When nagios is installed, it adds configuration to Apache to serve a web page for you to see the status. Open http://192.0.2.1/nagios/ in a web browser. The default username and password for the web page is nagiosadmin/nagiosadmin. When the web page is opened, there will be two links of interest. On the left-hand side of the screen, there will be a hosts and a services link. You will see that there is a default localhost configuration that is installed for you. The configuration for localhost is defined in /etc/nagios/objects/localhost.cfg. The plugins-all package that was installed with Nagios provides the plugins that are necessary for the localhost service checks to pass.

The localhost file could be copied and updated appropriately for each host that you would like to monitor if you want a base set of checks for a host. Servers that are included in an OpenStack cluster need more specific monitoring. Let's add configurations to the Nagios configuration files to monitor the OpenStack hosts and services. To apply configuration changes, the service will need to be restarted for Nagios to read the updates and start checks based on the new configurations. For example, we will refer to a set of monolithic configuration files to configure Nagios in this chapter. Each file that is referred to in this chapter will be placed in the drop directory /etc/nagios/conf.d. The top-level Nagios configuration file /etc/nagios/nagios.cfg includes files placed in this directory. There are options to break up the files referenced in this chapter; the way that the localhost file is structured is one example. It is beyond the scope of this chapter to go further into splitting the configuration files. Please search for documentation on this if you choose to split up your configuration files further.

Adding Nagios host checks

Start by adding host checks. The first example's configuration file will hold all the configuration stanzas for the hosts in the cluster that we are going to monitor. Let's use the file /etc/nagios/conf.d/nagios_host.cfg. This establishes a check to ensure that each host is up and responding to network communication. If you have additional compute nodes, make sure to add them as well. Here's the configuration that would cover the control, two compute and the ceph nodes.
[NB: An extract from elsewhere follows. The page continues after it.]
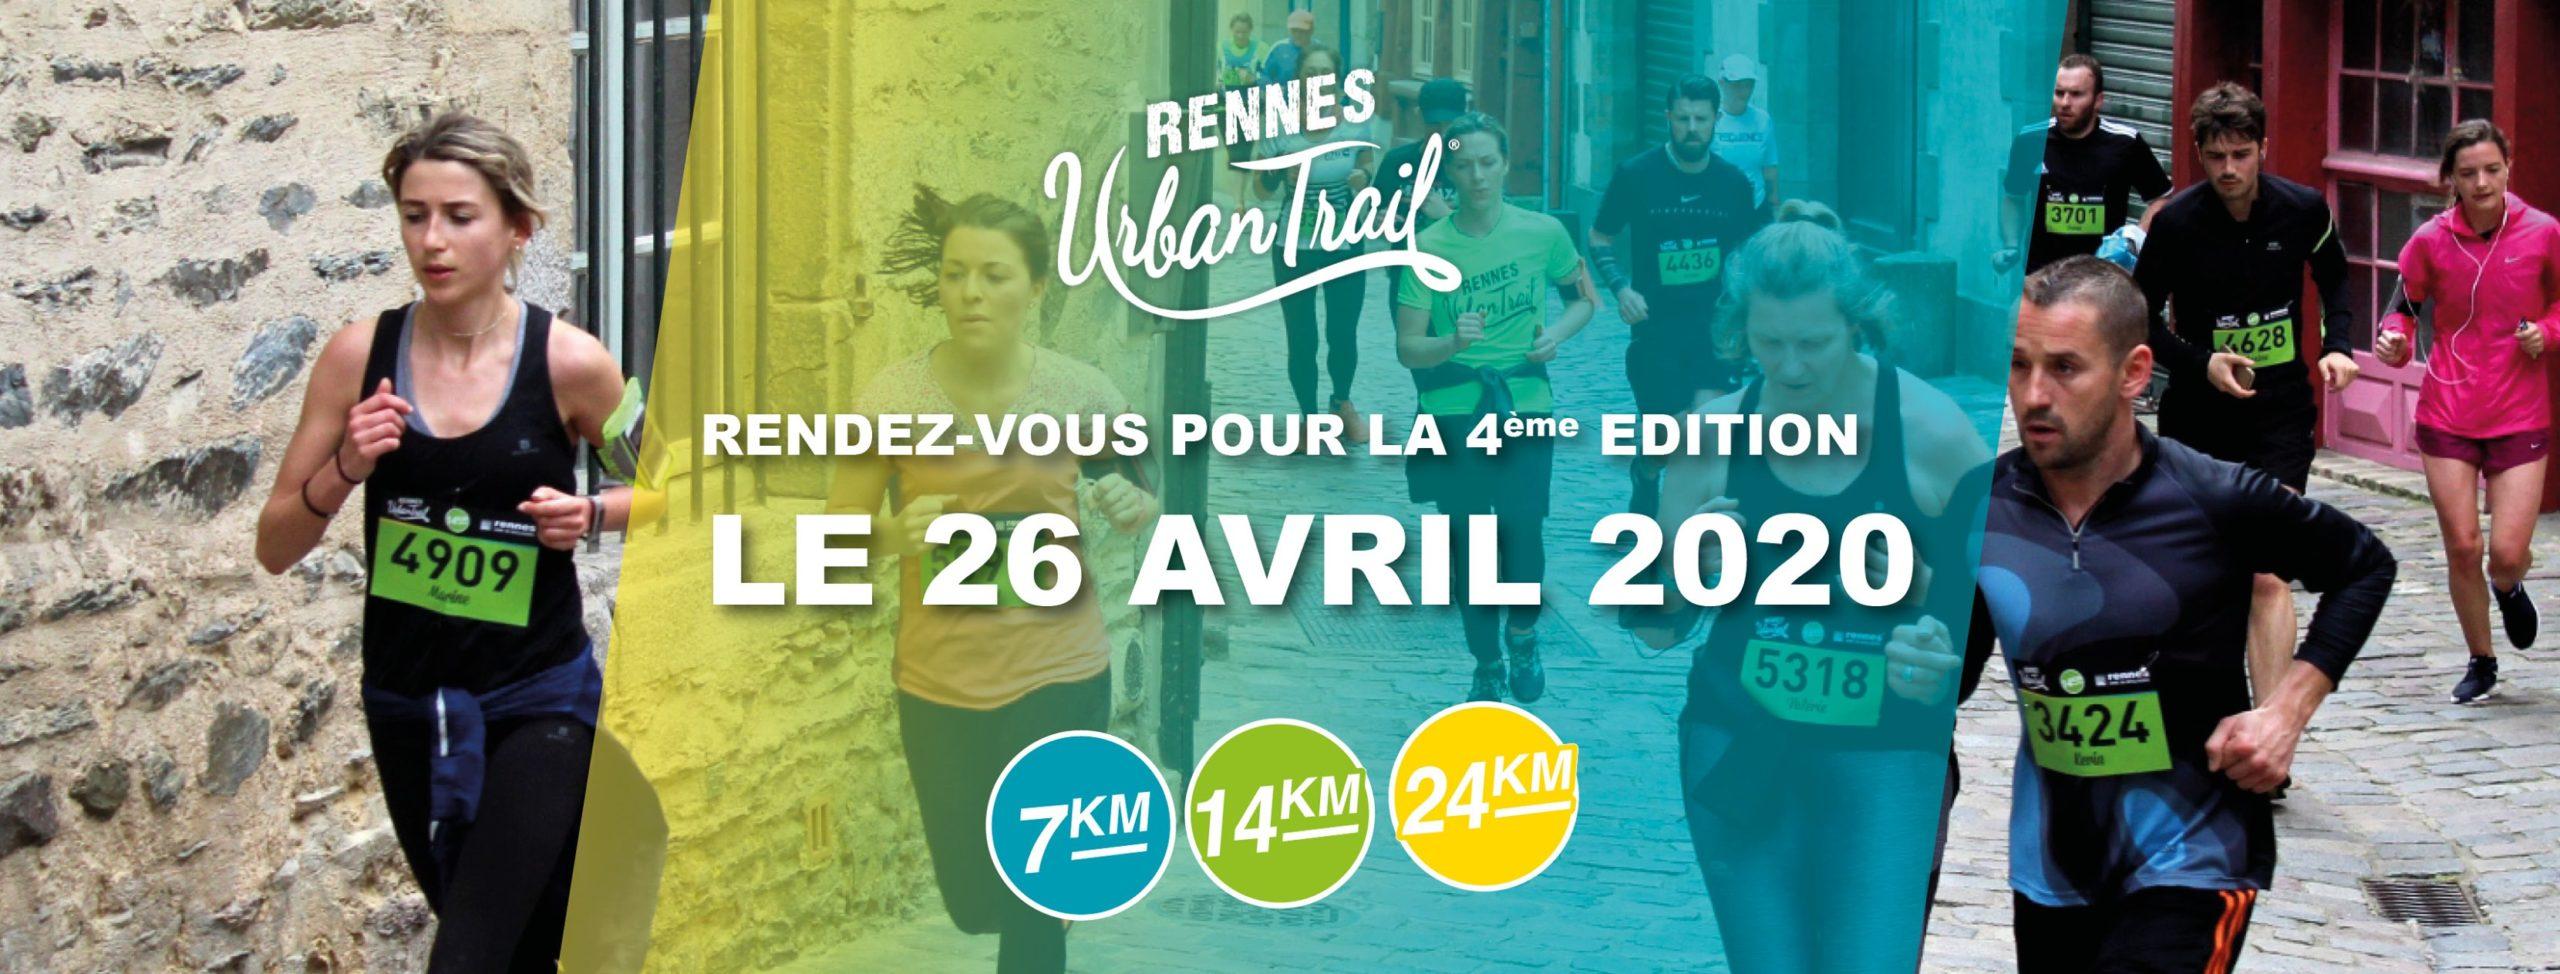 rennes urban trail affiche

Be sure to use OpenStack server list to get the correct IP addresses and hostnames:

define host {
address 192.0.2.9
host_name overcloud-controller-0
use linux-server
}
define host {
address 192.0.2.10
host_name overcloud-novacompute-0
use linux-server
}
define host {
address 192.0.2.11
host_name overcloud-novacompute-1
use linux-server
}
define host {
address 192.0.2.8
host_name overcloud-cephstorage-0
use linux-server
}

After adding these configurations, validate the Nagios configuration and restart the Nagios service:

$ service nagios configcheck
Running configuration check... OK.
$ service nagios restart

Often a configuration gets a fat-finger error in it and the configuration validation will fail. When that happens, Nagios will fail to start. To find out where the syntax error is, run Nagios by hand by referencing the top-level configuration file:

$ nagios -v /etc/nagios/nagios.cfg

This will give you the line that the syntax error is on. If Nagios restarts successfully, you should be able to connect to Nagios on port 80, select the host list, and after some time passes and the checks fire, a health check will succeed on your hosts that have been added to the hosts configuration file. Now that Nagios is aware of the hosts that we will be monitoring, let's define an example command that could be used to monitor one of the services on the hosts.

Nagios commands

Before service checks can be executed to start checking a service on a host, there must be a command defined that will be referenced by the service check. Let's put these commands in the /etc/nagios/conf.d/nagios_command.cfg file. We are not going to cover all the commands needed to monitor your OpenStack cloud here. Instead, we will cover the concept of a defined command. Each command has a name that will be referenced later and a path to an executable. The executable runs and returns a zero through three return codes. Zero means the check succeeded, one means the check is warning, two means the check failed, and three or another return code indicates the status is unknown. An example of command definitions in the /etc/nagios/conf.d/nagios_command.cfg file looks like this:

define command { 
command_line /usr/lib64/nagios/plugins/check_nrpe -H $HOSTADDRESS$ -c $ARG1$ 
command_name check_nrpe 
}
define command { 
command_line /usr/lib64/nagios/plugins/example_commandcommand_name example_command
}

Note that the commands are executed live in /usr/lib64/nagios/plugins/. If you add executable scripts that Nagios will use to check services, it is good practice to add the executable scripts to this directory. If the intent of example_command was to verify that the host's hostname was set properly, its content may look like this:

#!/bin/bash
HOSTNAME=`hostname`
if [ -z $HOSTNAME ] || [ -z $1 ]; then
echo "Host name or argument was blank"
exit 3
fi
if [ $HOSTNAME == $1 ]; then
echo "Hostname is $HOSTNAME"
exit 0
fi
if [[ $HOSTNAME == *$1* ]]; then
echo "Hostname is $HOSTNAME and contains $1"
exit 1
else
echo "Hostname is not $1"
exit 2
fi

Note that there is a case for all four of the possible return values. It is not required that return codes three and one be returned. Unfortunately, this command could be terribly useless. If it were associated to a host, it would never be accurate because it would always execute on the host that Nagios is running on and would never return success for any host other than the host that Nagios is running on. This creates the need for a command to be executed remotely on a host that is being monitored.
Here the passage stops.